ETSIST, Universidad Politécnica de Madrid, Campus Sur, Carretera de Valencia km 7, 28031 Madrid, Spain

Received 23 January 2015; Revised 4 May 2015; Accepted 4 May 2015

Academic Editor: Adam Klein

Copyright © 2015 Laureano Moro-Velázquez et al. This is an open access article distributed under the Creative Commons Attribution License, which permits unrestricted use, distribution, and reproduction in any medium, provided the original work is properly cited.
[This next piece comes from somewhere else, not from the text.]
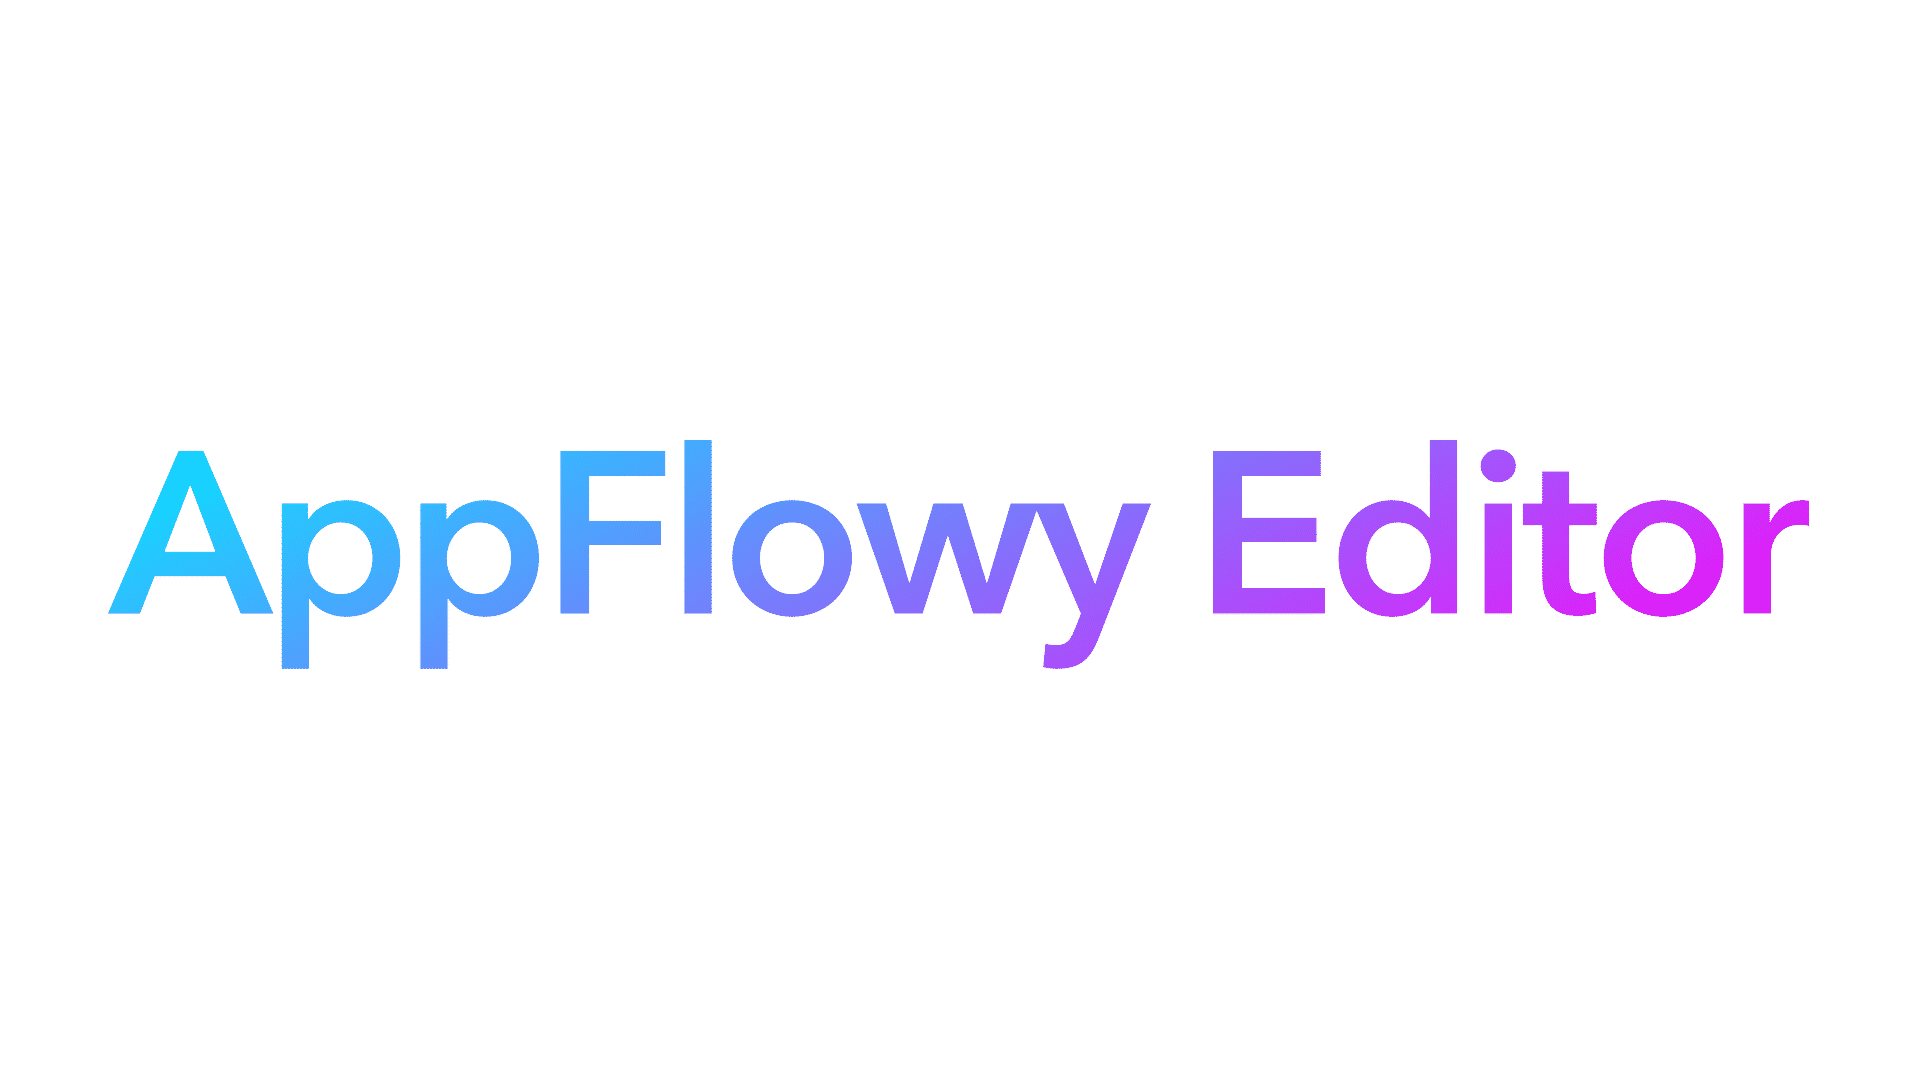 appflowy_editor.png

Disordered voices are frequently assessed by speech pathologists using perceptual evaluations. This might lead to problems caused by the subjective nature of the process and due to the influence of external factors which compromise the quality of the assessment. In order to increase the reliability of the evaluations, the design of automatic evaluation systems is desirable. With that in mind, this paper presents an automatic system which assesses the Grade and Roughness level of the speech according to the GRBAS perceptual scale. Two parameterization methods are used: one based on the classic Mel-Frequency Cepstral Coefficients, which has already been used successfully in previous works, and other derived from modulation spectra. For the latter, a new group of parameters has been proposed, named Modulation Spectra Morphological Parameters: MSC, DRB, LMR, MSH, MSW, CIL, PALA, and RALA. In methodology, PCA and LDA are employed to reduce the dimensionality of feature space, and GMM classifiers to evaluate the ability of the proposed features on distinguishing the different levels. Efficiencies of 81.6% and 84.7% are obtained for Grade and Roughness, respectively, using modulation spectra parameters, while MFCCs performed 80.5% and 77.7%. The obtained results suggest the usefulness of the proposed Modulation Spectra Morphological Parameters for automatic evaluation of Grade and Roughness in the speech.